Kluwe released an article on Deadspin this week called, with his trademark subtlety, "I Was An NFL Player Until I Was Fired By Two Cowards And A Bigot.” He tells the backstory behind his release from the team after spending his off hours during the 2012 NFL season fighting to stop a Minnesota anti-gay marriage referendum.

He quotes Vikings coach Leslie Frazier telling him that he “needed to be quiet, and stop speaking out on this stuff.” Frazier also said, according to Kluwe, “a wise coach once told me there are two things you don’t talk about in the NFL, politics and religion.” We also hear from his special teams coach Mike Priefer, who allegedly told Kluwe he would “wind up burning in hell with the gays” and “we should round up all the gays, send them to an island, and then nuke it until it glows.”

Before we get to Mike Priefer, a brief aside to Leslie Frazier. Coach: there is zero empirical evidence that a player’s political interests interfere with team goals. In fact, opposite examples abound. From Bill Russell (eleven titles in thirteen years) to UCLA college star Lew “Kareem Abdul-Jabbar” Alcindor (three straight NCAA titles) to Steve Nash and Los Suns rallying around immigrant rights while upsetting the San Antonio Spurs in the playoffs, there are actually far more instances which demonstrate that players who also fight for a better world should be considered valued parts of any team.

Then there is the other part of Frazier’s statement that “politics and religion” are of equal concern in the locker room. This is farcical. Yes, politics are policed. But organizations like the Fellowship of Christian Athletes and Athletes in Action, preaching a gospel of evangelical Christianity, are in almost every clubhouse. No one is ever called into the coach’s office for organizing a Bible study. Also, to be clear, it is not “politics” that set a coach’s teeth on edge. It is only a certain kind of politics that are against the clubhouse code: politics of resistance, politics that challenge oppression, politics that get you labeled a “distraction” and a “troublemaker.” Apparently, thinking that LGBT people are human meets these criteria. There is nothing politically “distracting,” assumedly, about a coach voicing his belief that LGBT people should be subject to nuclear genocide.

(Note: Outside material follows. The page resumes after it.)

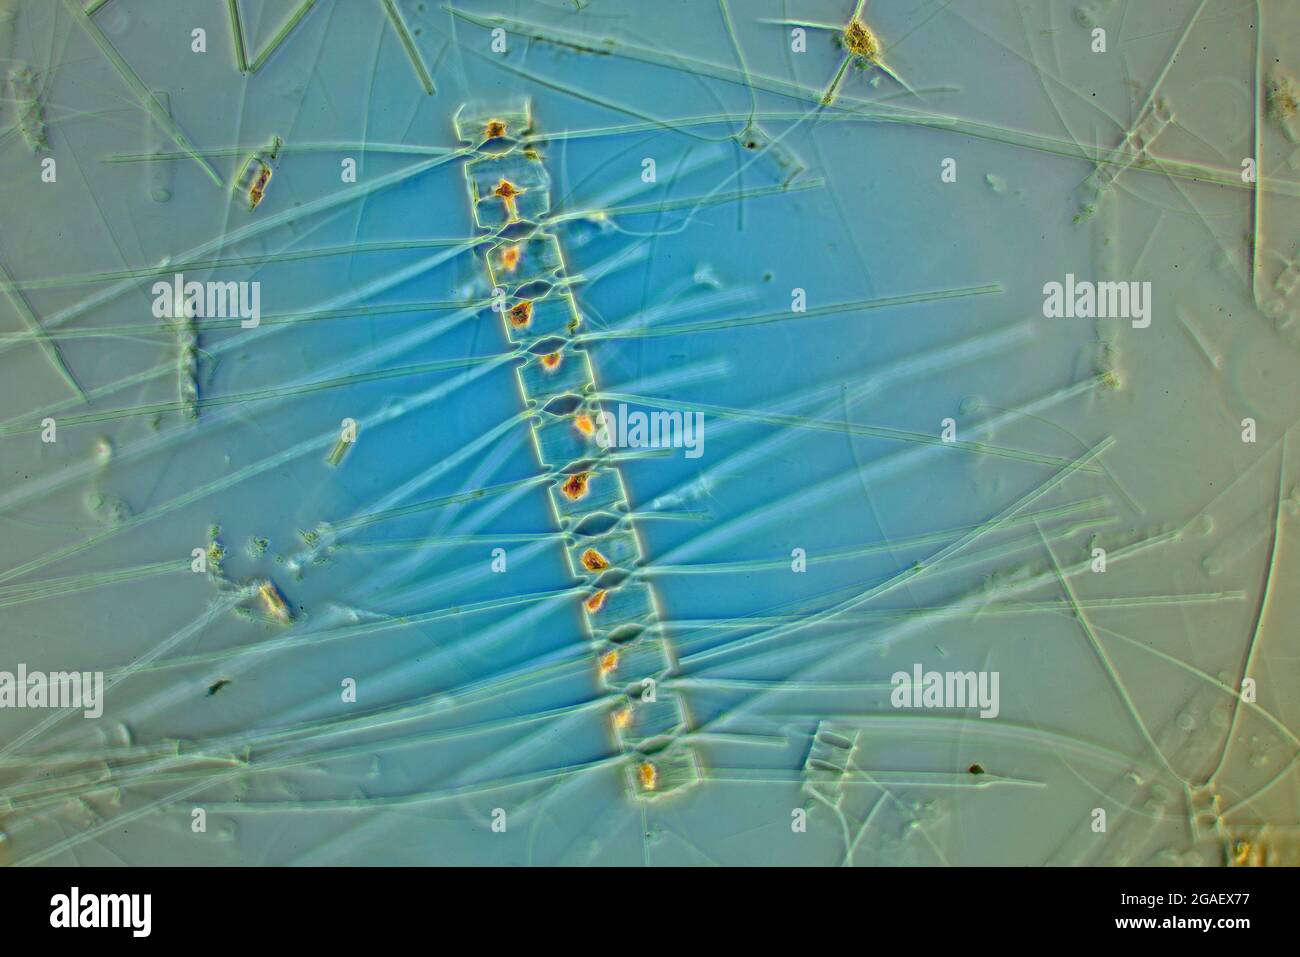 Marine Phytoplankton, Bacteriastrum, diatoms/plankton from the Gullman fjord, Sweden 1995, PHOTOMICROGRAPH Stock Photo

That brings us to Mike Priefer. The NFL is not a schoolyard, no matter what the Richie Incognito crowd thinks. It is a workplace. If Priefer believes that LGBT people should be nuked then he should by all means gather with fellow thinkers in the Westboro Baptist Church and shout it out at the nearest funeral. The idea that he would feel free to spew this in an NFL workplace speaks volumes. The fact that he can voice such things from a position of authority is a league-wide disgrace.

Kluwe’s article constitutes a brave, even whistleblowing act that could keep him permanently out of the league. He also dropped his story, coincidentally, the same week that Green Bay quarterback Aaron Rodgers took to the airwaves to dispel gay rumors most of us didn’t know existed. He said with gusto that he “really, really likes women,” as if they were his favorite cut of beef at Ruth’s Chris Steakhouse. He did not even throw down with a token “not that there is anything wrong with that.” (Straight men: the only three acceptable answers to “Are you gay?” are, “That’s my business,” “Not at the moment”, or “I fear I don’t have that privilege.”)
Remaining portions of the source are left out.